Managing risk response and mitigation in information security
Michael Irene is a data and information governance practitioner based in London, United Kingdom. He is also a Fellow of Higher Education Academy, UK, and can be reached via moshoke@yahoo.com; twitter: @moshoke
To fully manage risk within an organisation and to track the mitigation strategies, a focused approach is required. Most organisations want a positive response to any risk assessment findings. Yet, many IT professionals and consultants approach risk response from a negative standpoint.
Let’s start with a case. A particular consulting firm carries out an information security risk assessment within a particular company. They found a lot of gaps within the business processes and functions. The consultants’ response, according to their client, was alarming.
Every organisation has risk. Stakeholders within the organisation must determine which risk is acceptable, which risk is transferable third parties such as an insurance company or which ones need to be mitigated. Risk is different for various organisations. Therefore, what works in the oil and gas context might not work in the telecommunications space.
As such, to get the right risk response that fits a company’s goals, there needs to be a thorough risk analysis. For example, when looking for privacy risks, the gap analysis revolves around access management, information retention schemes, security, data subject access requests and many more. The search is for these gaps and designing the right response for them. A risk analysis will help an organisation prioritise the response options that are right for them.

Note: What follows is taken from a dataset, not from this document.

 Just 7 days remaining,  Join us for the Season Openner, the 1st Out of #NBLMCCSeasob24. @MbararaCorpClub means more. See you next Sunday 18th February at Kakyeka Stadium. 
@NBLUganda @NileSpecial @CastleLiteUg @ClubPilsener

In addition to this, it is important that response doesn’t affect the day-to-day business operations. Most IT consultants or professionals forget that the business objectives are top priority, and to maximise efficiency in passing their duties, they must keep this in mind.
One known risk response methodology is the Plan-Do-Check-Adjust (PDCA) life cycle. The model supports continuous improvement. It encompasses the design, implementation, assessing, and adjusting and creating documentation of the controls that will respond to risk.

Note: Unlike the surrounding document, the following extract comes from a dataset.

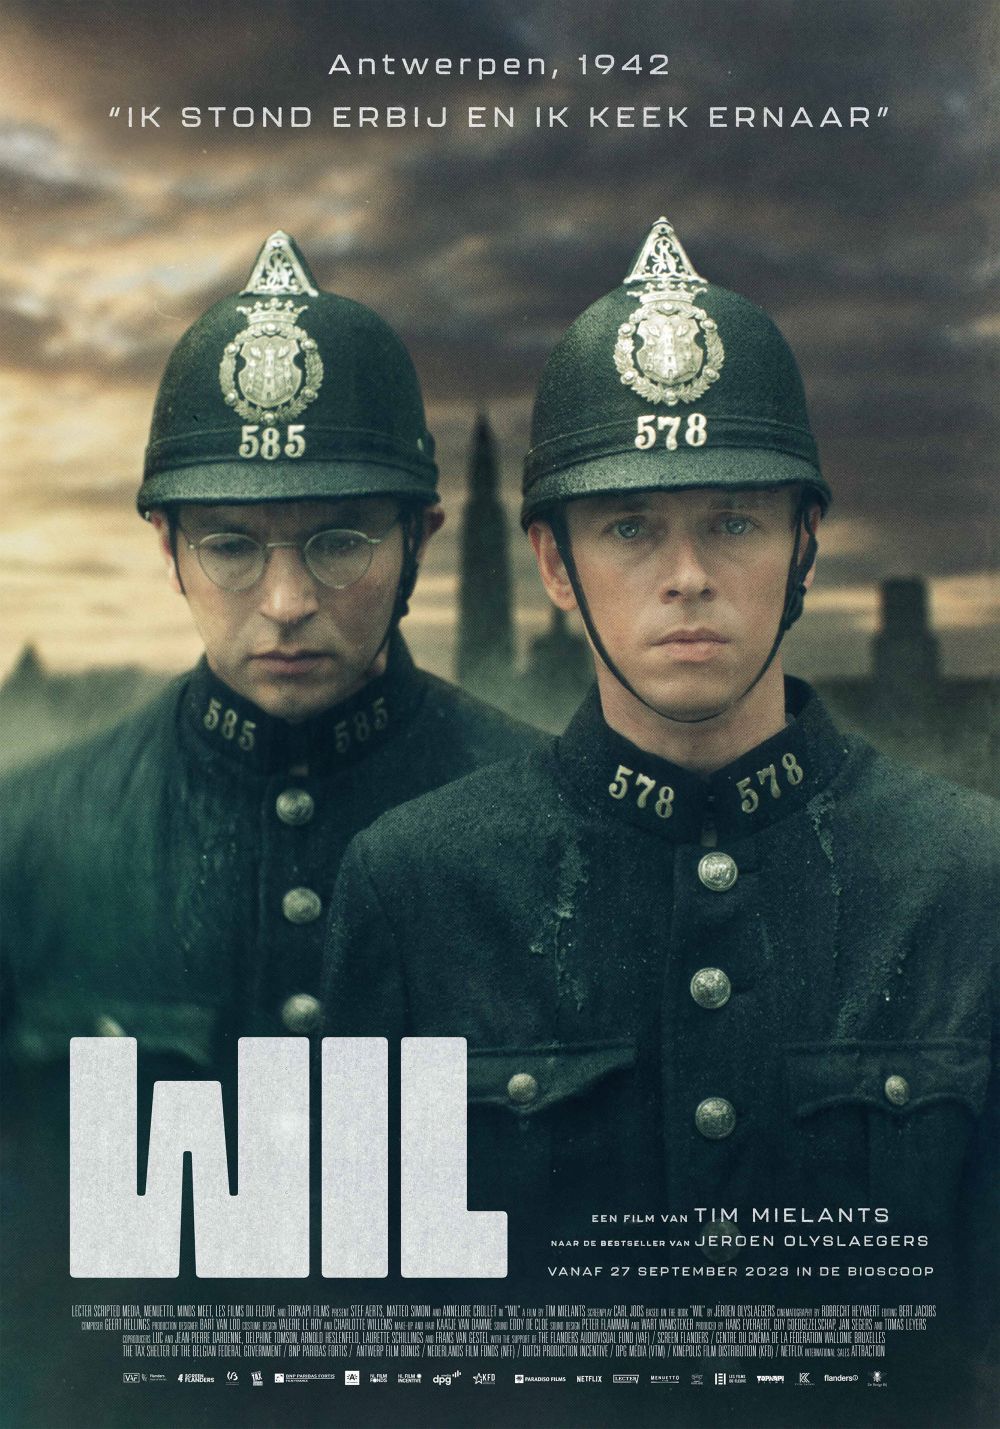 WiL (January 31) - Streaming on NetflixWiL is set during the early years of World War II in Antwerp, unfolding the story of Wilfried Wils, an auxiliary policeman struggling to survive amid escalating violence and distrust in the Nazi-occupied city. The narrative examines the moral and ethical challenges Wilfried faces as he navigates a path through a time of great peril and ambiguity. Based on the book by Jeroen Olyslaegers, the film offers a compelling exploration of survival during one of history's darkest periods.

There are known risk response standards. There is the National Institute of Standards and Technology (NIST) framework, Control Objectives for Information and Related Technology (COBIT) framework, just to mention those two. Organisations must bear in mind that these frameworks have their pros and cons. It is, therefore, imperative to determine the best one that fits the purpose and business missions.
Risk response usually revolves around avoidance, mitigation, sharing and acceptance to lower the risk level organisations face. This will help reduce threats and vulnerabilities, prevent regulatory fines, and help keep the reputation of the company.
A risk mitigation simply put is the application of controls that lower the overall level of risk to reduce the likelihood of the threat exploit, or impact to the asset if the risk were to come to fruition. Some controls can be policies, replacing legacy systems or elimination of a third-party software tool that doesn’t meet ethical standards. The goal is to get the risk down to a level considered acceptable by the leadership in an organisation.
Risk controls fall into broad areas which includes the managerial, technical, operation and preparedness within the organisation. From a managerial standpoint, there needs to be an acceptable use policy to dictate the use information assets.
While from a technical point of view, an organisation can decide to implement additional firewalls to protect internal systems or install an intrusion detection system to monitor for malicious activities or violations of policy.
From an operational perspective, a company can decide to implement segregation of duties procedure to ensure that one person does not have the sole control over key duties, and they can mandate certain baseline knowledge of IT security-related issues and concepts.
There must be tabletop exercises to test the effectiveness of the controls within an organisation. The big question is are the controls working and are they addressing the gaps found out during the risk analysis stage?
Risk response and mitigation are quite interlinked. It is important, however, for companies to design the right response that fits their business missions and determine the right frameworks that fit their business context.